Fabienne, William, Corine

 

Fabienne, William et Corinne répètent l’une des scènes de la pièce qu’ils doivent jouer un peu plus tard dans la soirée.

William, dans le rôle de son personnage. – « Mais comment pouvez-vous, mon amie, supporter un tel mépris ?

Fabienne, jouant également son rôle. – C’est mon devoir d’épouse, voilà tout…

William. – Oubliez-le, je vous en conjure ! Suivez-moi, partons ensemble !

Fabienne. – Je ne le peux point. Je ternirais son honneur et je ne pourrais m’en remettre.

William. – Mais jusqu’où la vie aura-t-elle raison d’une existence où la joie n’a pas de bonheur ?

Fabienne. – Je vous en prie, ne vous mettez pas dans un état pareil et savourons plutôt ces derniers instants que nous pouvons passer ensemble. Prenez plutôt un de ces biscuits que je vous ai confectionnés avec tant d’amour et que vous appréciez tant.

William. – Merci, ma douce. Ils sont toujours délicieux…

Corinne, faisant un pas en avant et lançant sa réplique en jouant excessivement mal, en ondulant de la voix telle une modulation de fréquence. – Monsieur, on vous demande.
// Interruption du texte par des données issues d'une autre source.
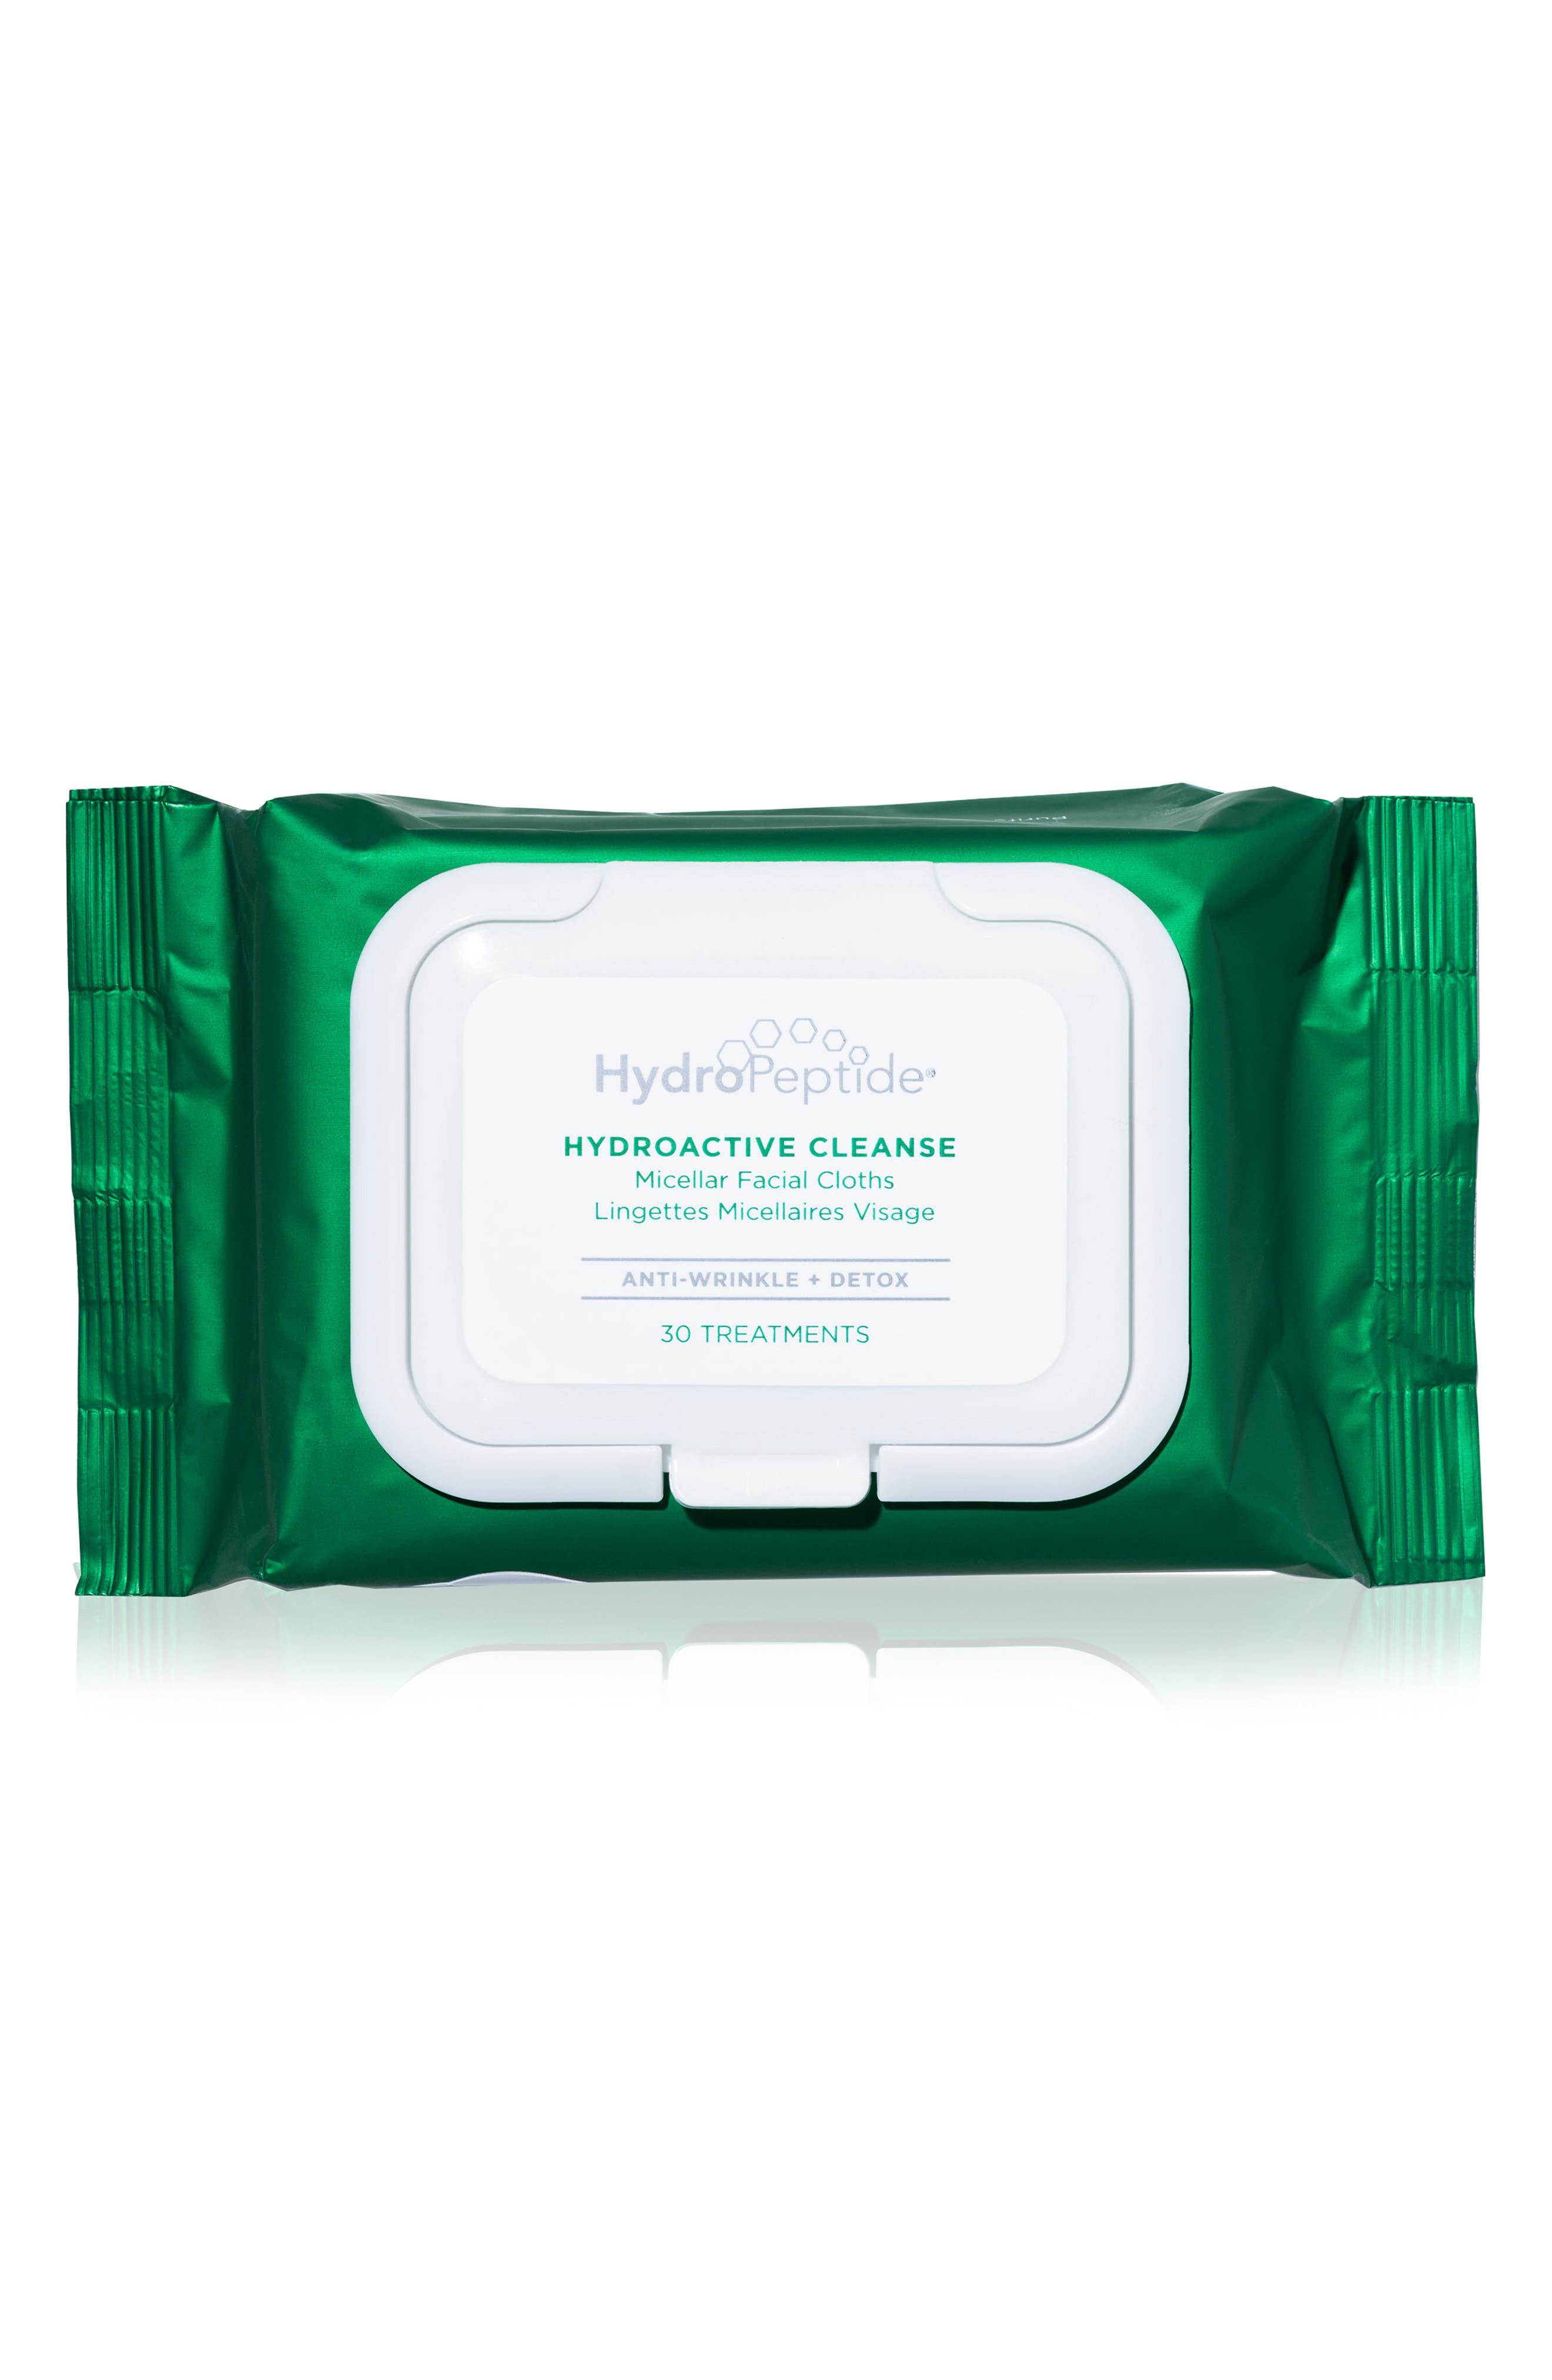 Hydroactive Cleanse Micellar Facial Cloths

C’est un client. »

William, changeant radicalement de ton et s’adressant à Corinne. – Non, non, non et non ! Mais qui m’a collé des comédiennes pareilles ?! Et dire que je devrais être en ce moment même dans l’un des plus grands théâtres parisiens jouant une pièce à la hauteur de mon talent ! Au lieu de ça, je me retrouve dans cet obscur théâtre de l’île du Fauconnier, perdue dans l’Atlantique au large de la côte landaise, affublé d’une comédienne qui n’a bien de comédienne que le nom…
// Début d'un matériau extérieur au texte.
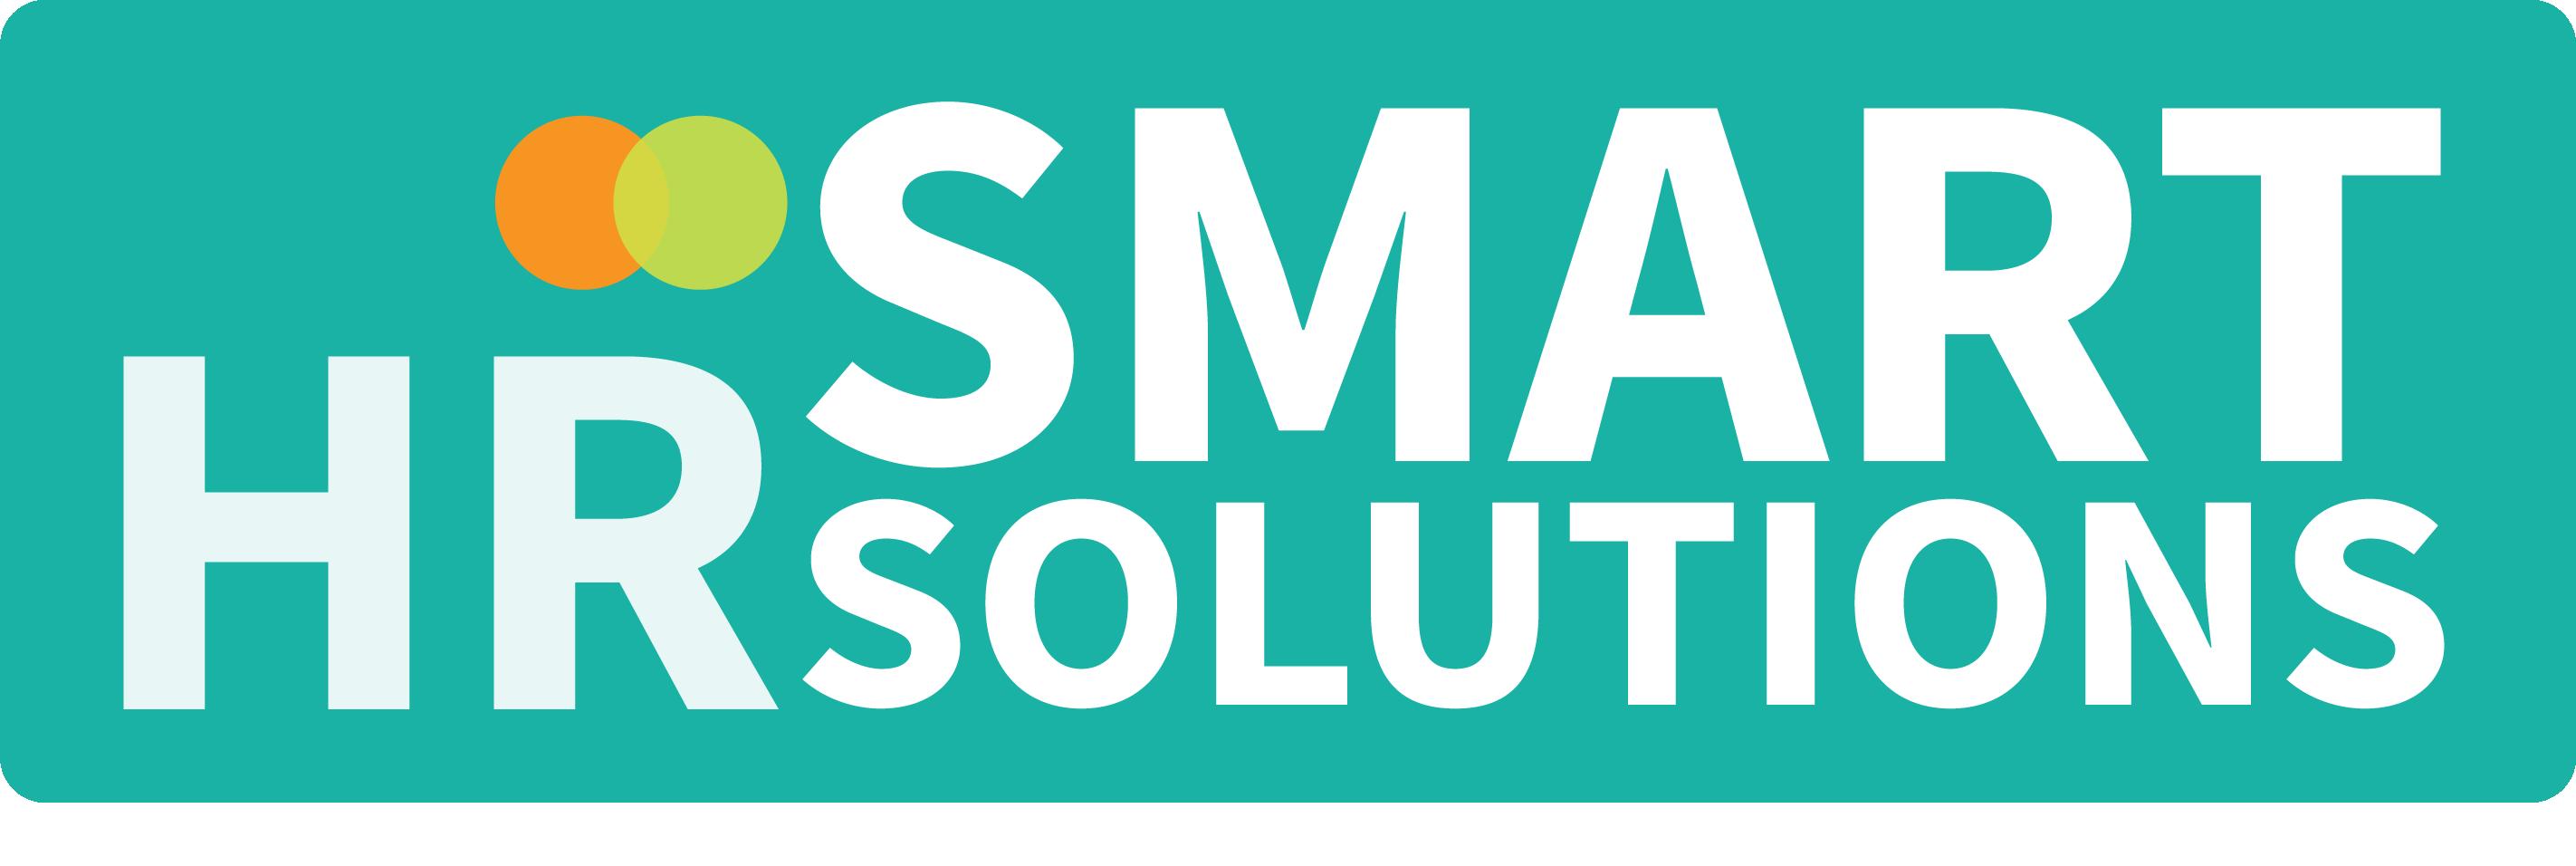 Smart HR Solutions Announcement | Newland Associates | Executive Search | Outplacement | Predictive Index Partner | HR Services

Corinne, niaise. – Et qu’est-ce qui ne va pas cette fois-ci ? Je ne suis pas dans le ton du personnage ?

William. – Disons plutôt que tu n’es dans aucun personnage… Non, vraiment, je ferais mieux de m’occuper de choses qui en valent la peine et de m’assurer par exemple que notre chère concierge, Janine, a bien pensé à vérifier si les biscuits utilisés pour cette scène sont sans arachide. Je suis allergique aux arachides et je ne voudrais pas me retrouver dans l’incapacité de jouer ce soir à cause d’une erreur aussi stupide. La pièce ne reposerait alors que sur une grappe d’actrices sans grand talent.
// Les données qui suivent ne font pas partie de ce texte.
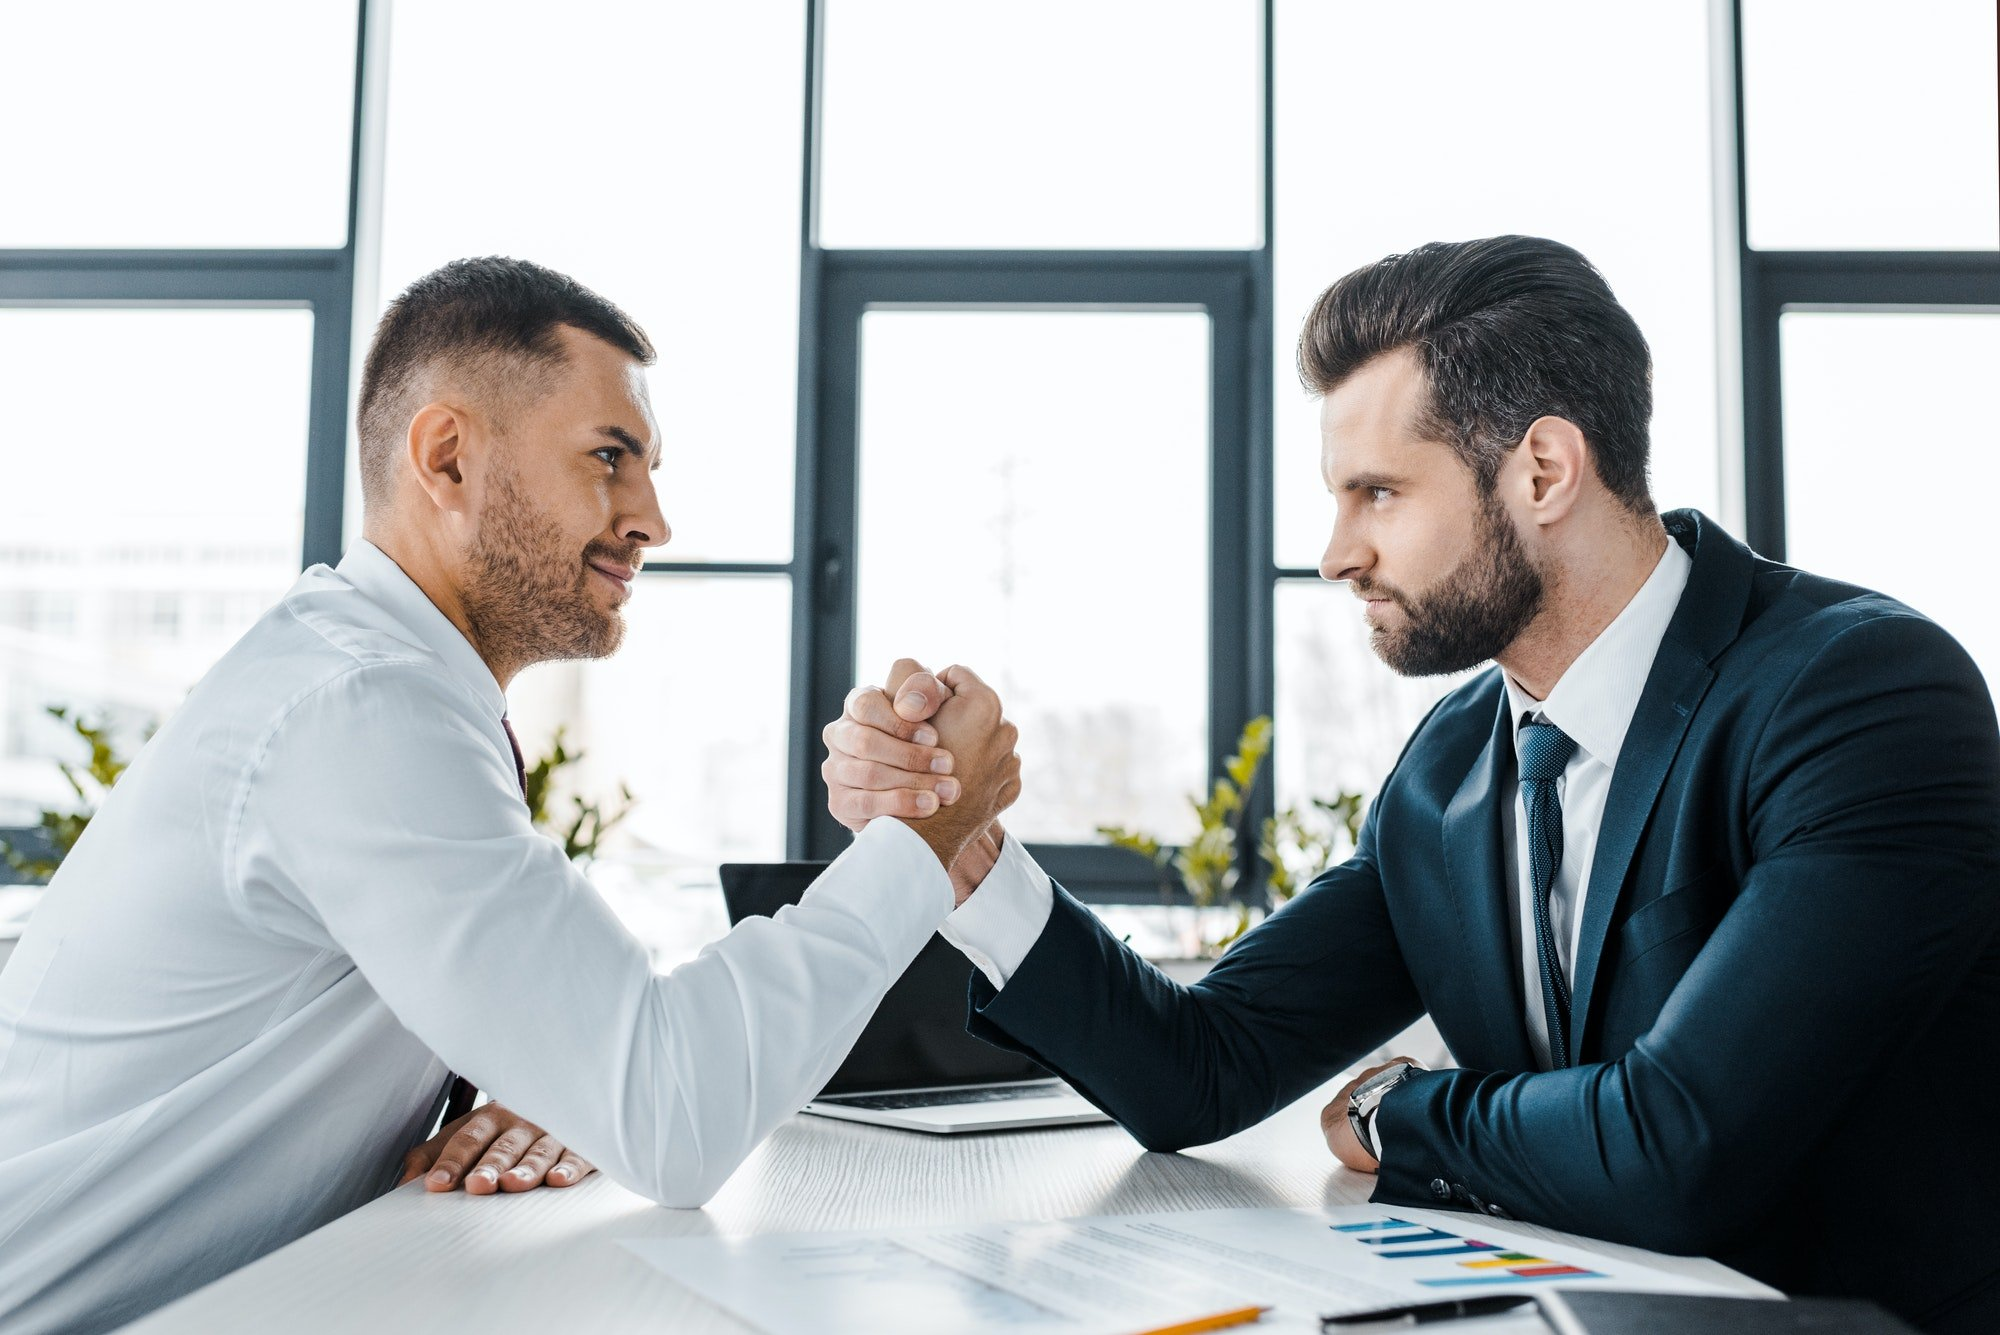 handsome businessmen competing arm wrestling in modern office

Fabienne. – Il y a des grappes qui donnent du bon vin, William. Et puis arrête de bousculer cette petite. Tu vas lui faire perdre tous ses moyens !

William, à Fabienne. – Quels moyens ?! (À Corinne.) Non, décidément, ma petite, à part ton talent indiscutable à avoir su jouer de tes charmes auprès de notre cher producteur Edmond Gaillot, je dois t’avouer que je ne t’en vois aucun pour le théâtre.

Corinne pleure de façon idiote.

Fabienne, à William. – C’est malin ! À quelques heures de la première ! (À Corinne.) Allons, allons, ce n’était pas si mal que ça. C’est le trac qui a fait tenir à William des propos qui ont sans doute un peu dépassé sa pensée. (William grimace.) Allons, ça va aller, tu vas très bien t’en sortir. (À William.) Déjà que ce n’était pas terrible au départ, si en plus elle pleure ça va être une véritable catastrophe ! Ah ! ça m’épuise d’avance…

Corinne, qui entend, relève la tête et pleure encore plus fort. Le téléphone sonne. William répond. Corinne continue de pleurer dans son coin.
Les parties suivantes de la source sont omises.